Добавить в цитаты Настройки чтения

Страница 96 из 112

ГЛАВА 8

27 ноября – 2 декабря

Иногда она приходила сюда – покидала свой гамак и мир паутины. Люди, видевшие сидящую на камне посреди Черного Озера фейри, звали Ткачиху Плачущей Девой, говорили, что встретить ее – к удаче. Смертные всегда ее забавляли… Бывало и такое, что одаривала она нечаянных… А бывало отдавала слугам своим.

– Зачем тебе это? – спросил он, легко запрыгивая на камень, по его желанию возникший рядом с ее. – Неужели ты не выше мести смертным? Разве они достойны твоей ненависти?
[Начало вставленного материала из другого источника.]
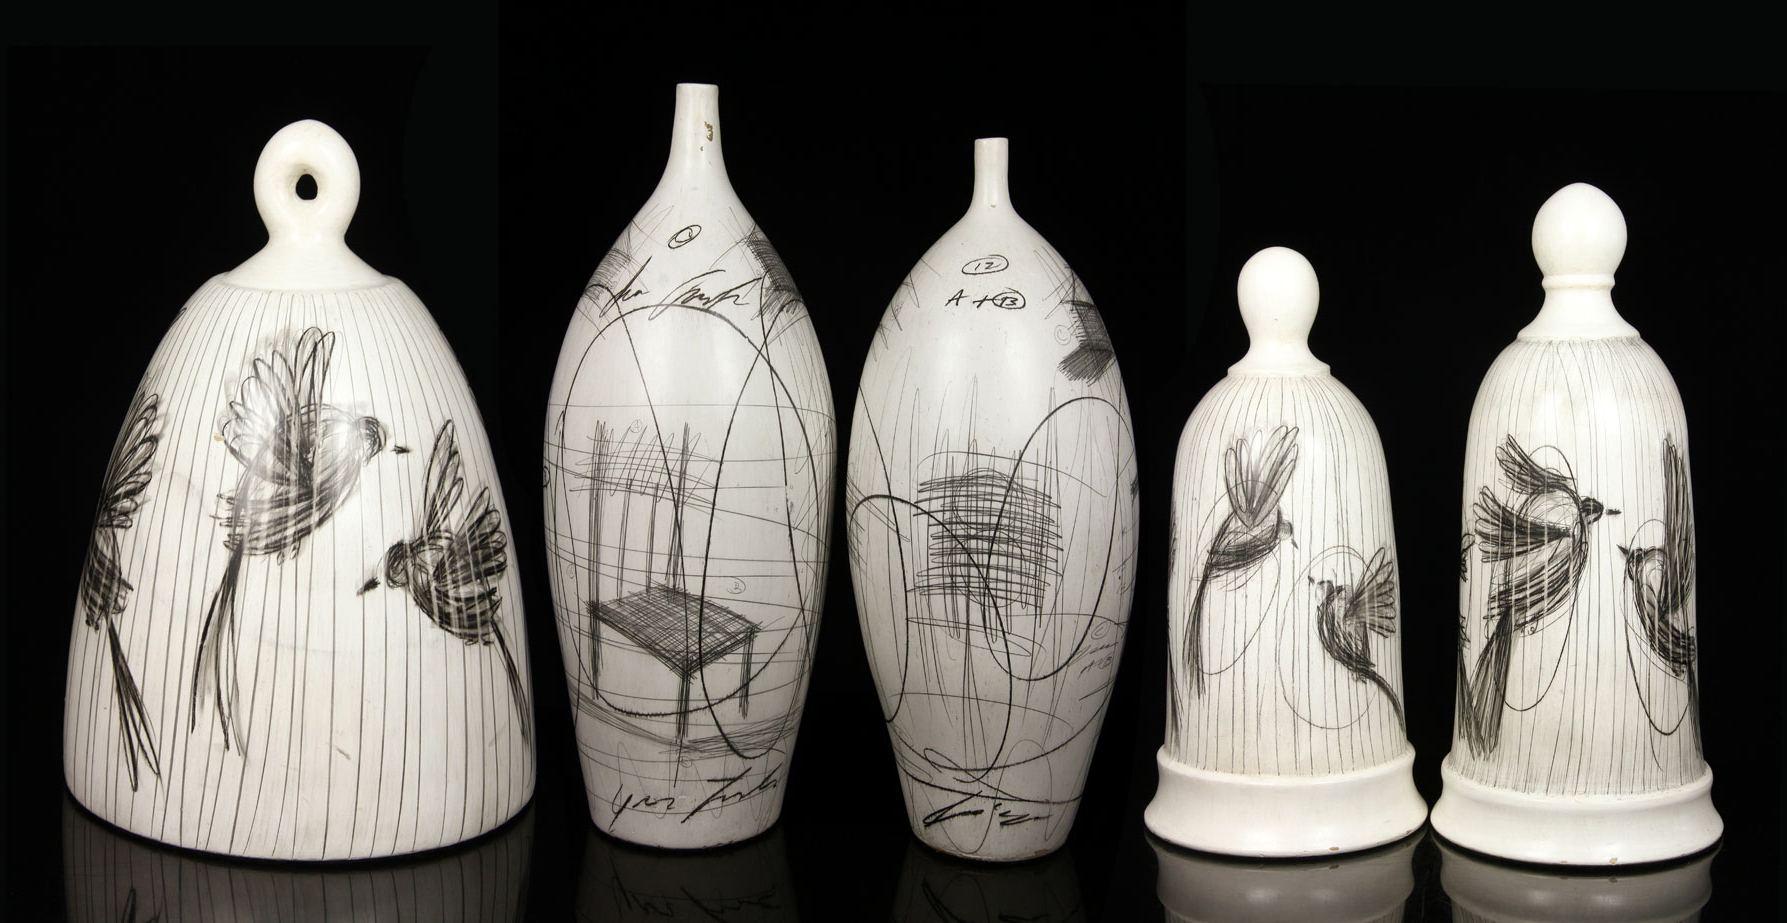 Group of five large mid-century Italian glazed pottery vases, signed ‘Zabcos,’ the tallest standing 24 inches high. Estimate: $3,000-$5,000. Kaminski Auctions image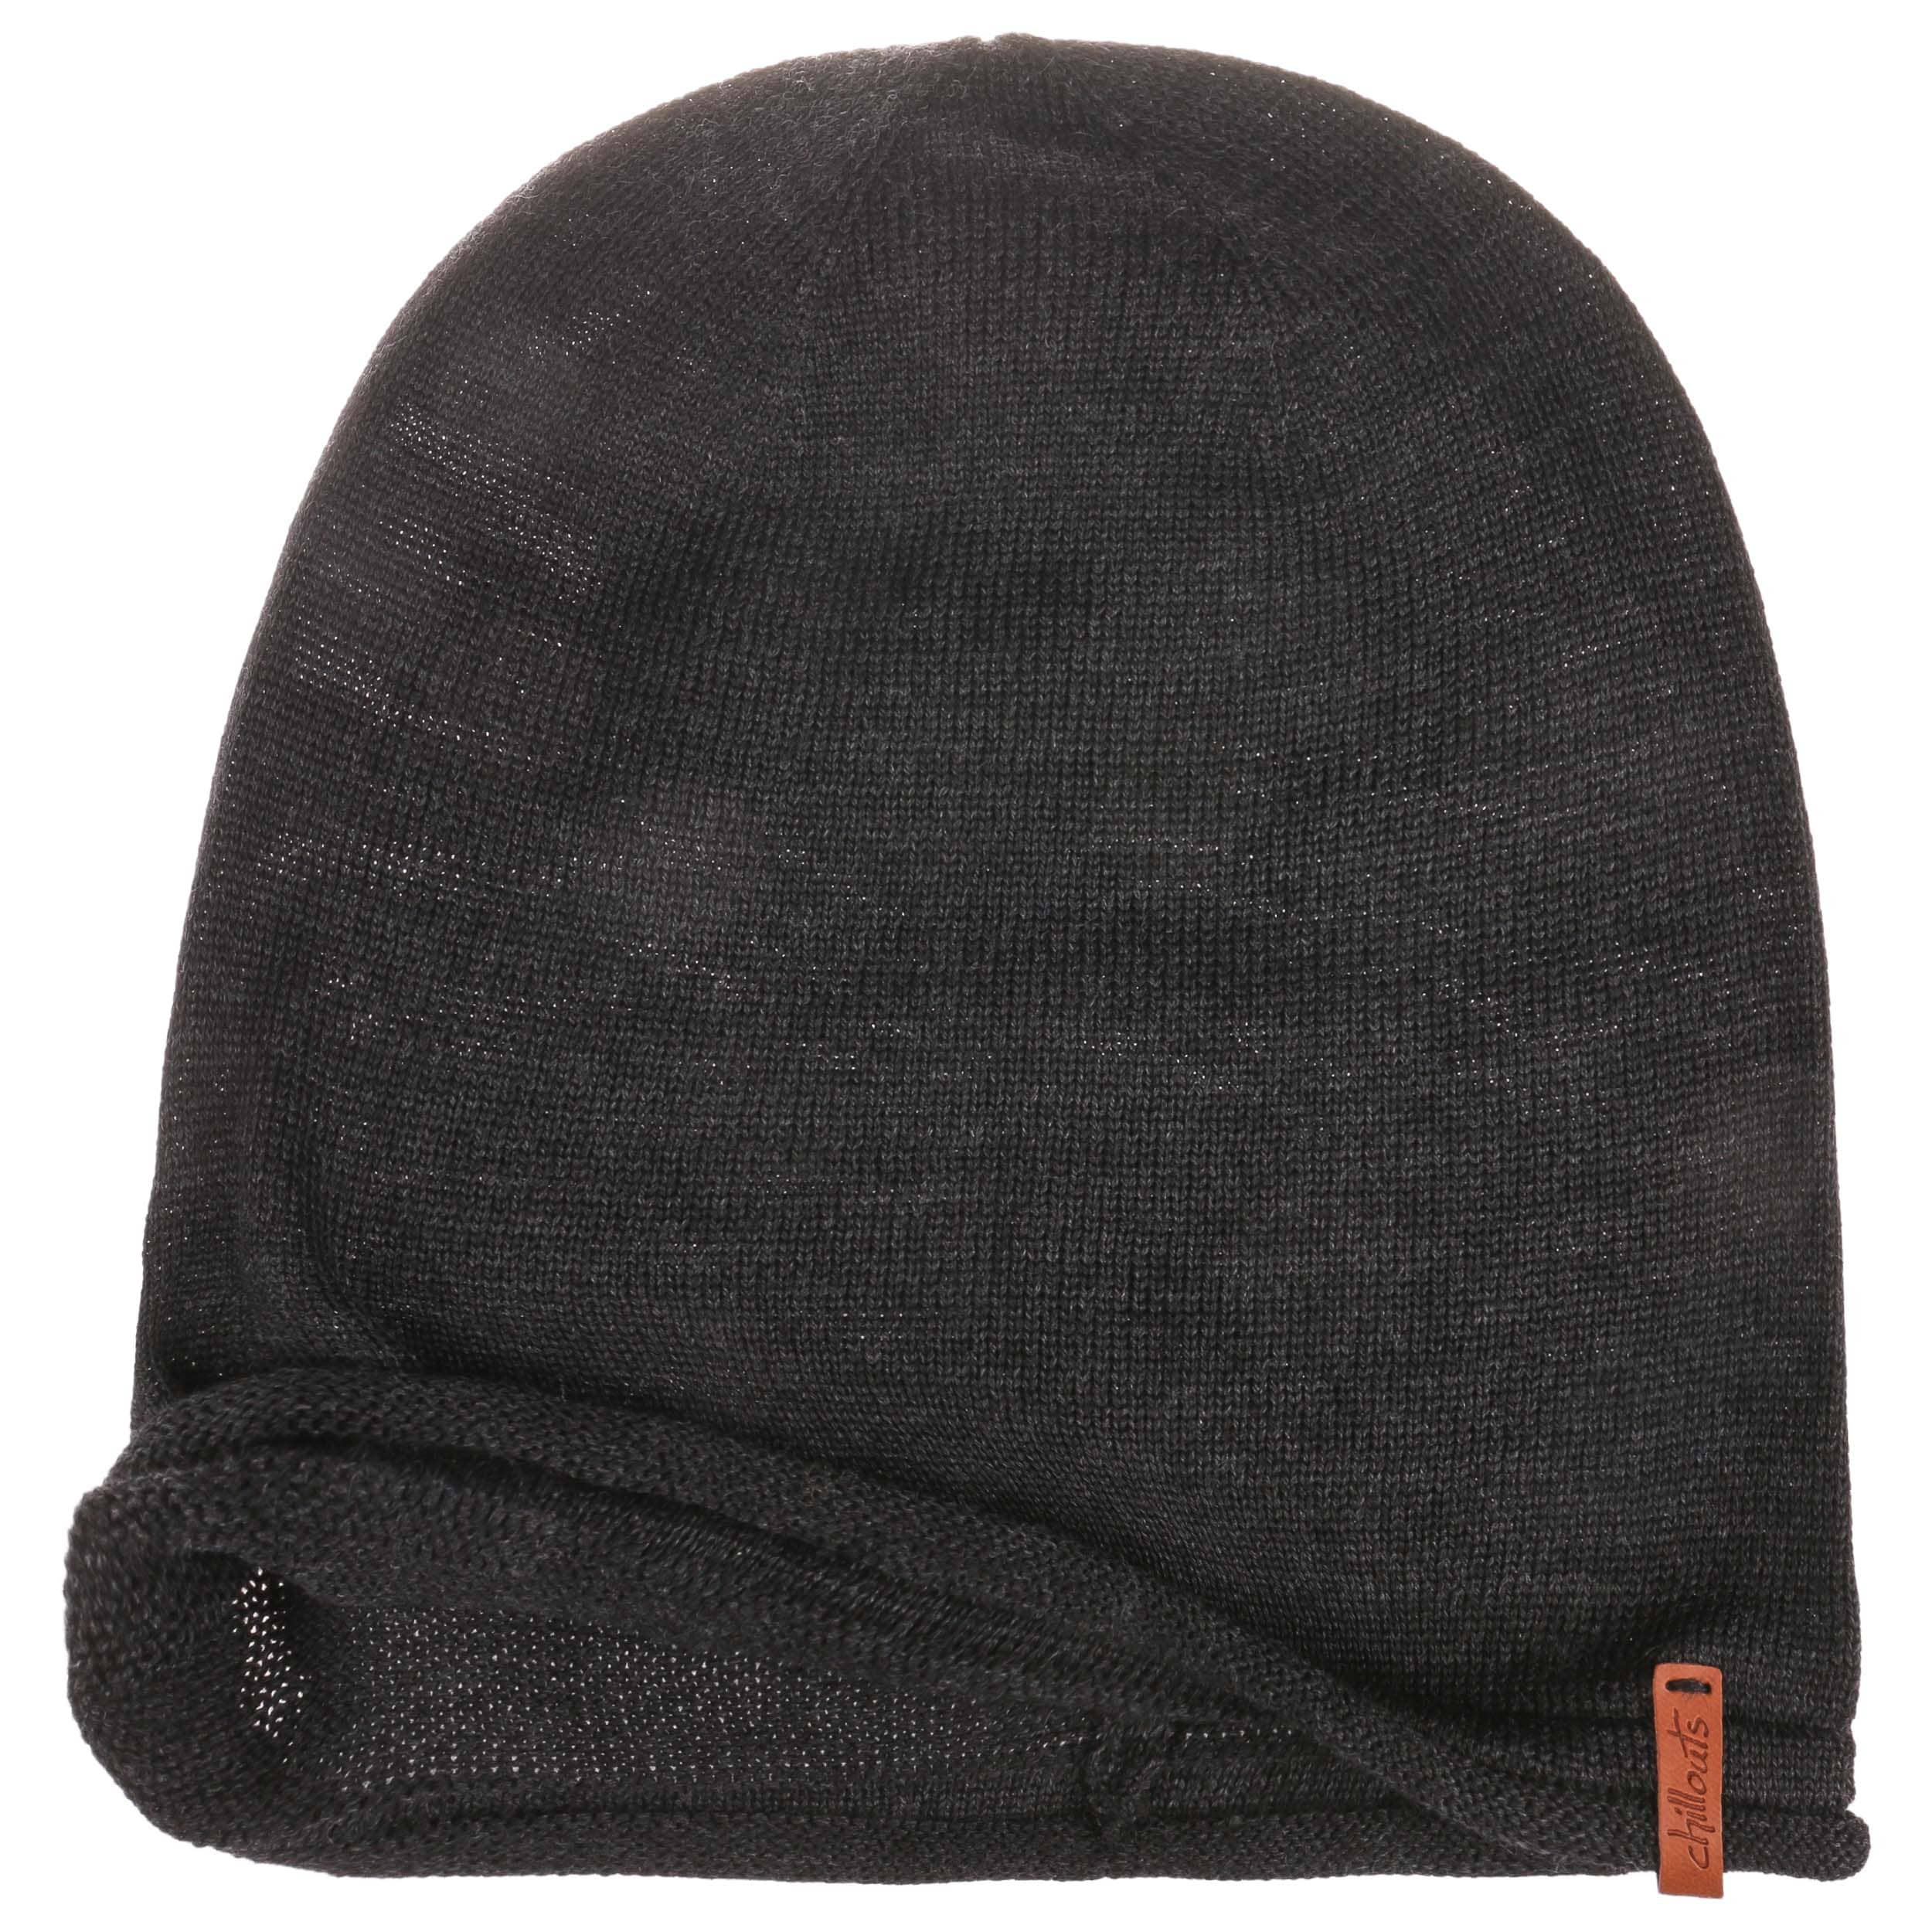 29,95 - Oversize Leicester by Beanie € Chillouts

– Ты не понимаешь, Лисенок… – добродушно ответила она. – Ты просто не в состоянии понять. Даже ты, известный любитель смертных, видишь в них лишь забавные игрушки, но кому, как не мне, знать, что они – нечто большее. Он одолел меня – Ткачиху Судеб. Он разорвал мой узор – этот Берсерк. Он сделал то, что под силу лишь Аметистовой Вьюге, Всемогущей Стихии, понимаешь? И ты считаешь, смертный, что совершил нечто невообразимое даже для нас, Князей, не достоин моей мести? Кто тогда, если не он?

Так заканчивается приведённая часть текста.